Unfortunately, Cook strains his own credibility somewhat.A couple of weeks after his Jane's piece appeared, Cook's book on antigravity research, The Hunt for Zero Point, came out. In it, he claims that the Nazis built an antigravity device during World War II. Its absence from present-day science, Cook says, implies a vast "black" world of secret antigravity aircraft that might explain the UFOs people see over Area 51. He's a careful investigative reporter, but once you start talking about UFOs and Nazi antigravity you're not far from hidden tunnels under the White House full of lizard-men disguised as Freemasons.
Even without Nazis, there are plenty of reasons to doubt Podkletnov.My e-mails to the account listed on his recent articles (not peer-reviewed) went unanswered.

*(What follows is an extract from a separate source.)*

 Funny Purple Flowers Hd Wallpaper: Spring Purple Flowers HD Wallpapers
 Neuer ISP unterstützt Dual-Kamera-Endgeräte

Even more problematic, I can't find the institution he lists as his affiliation in Moscow. "Eugene always expressed his worries that others could copy his work, although as far as I know he never applied for a patent," Giovanni Modanese, a collaborator of Podkletnov's at the University of Bolzano in Italy, wrote in an e-mail (using a Western version of Podkletnov's first name). "Nonetheless, at the scientific level if one wants a confirmation by others and a successful replication, one must give all the necessary elements." Well, yeah. Modanese says that the current version of the device, now called an "impulse gravity generator," is simpler and could be built "by a big-science team of people expert in superconductivity."A Boeing spokesperson didn't respond to follow-up questions. So, either there's nothing going on here, or it's an X-File.
And the science? Ten years is a long time to go without replication. Combine that with Podkletnov's cagey behavior and it's enough to make even sci-fi geeks like me lose hope. But like the core of any good conspiracy, antigravity research has the ring of plausibility. One of the outstanding problems in physics and cosmology today involves the existence of so-called dark matter and dark energy. They're by far the main constituents of matter in the universe, and nobody knows what they're made of—researchers have only inferred their existence from gravitational effects. Coming up with a new theory of how gravity works might explain that, though it'd be a scientific revolution on a par with relativity. "Changing gravity is in the cards," says Paul Schechter, an astronomer at MIT. "But so far no one's been able to do better than Einstein." Still, Einstein worked in a lowly patent office. Ron Koczor works for NASA.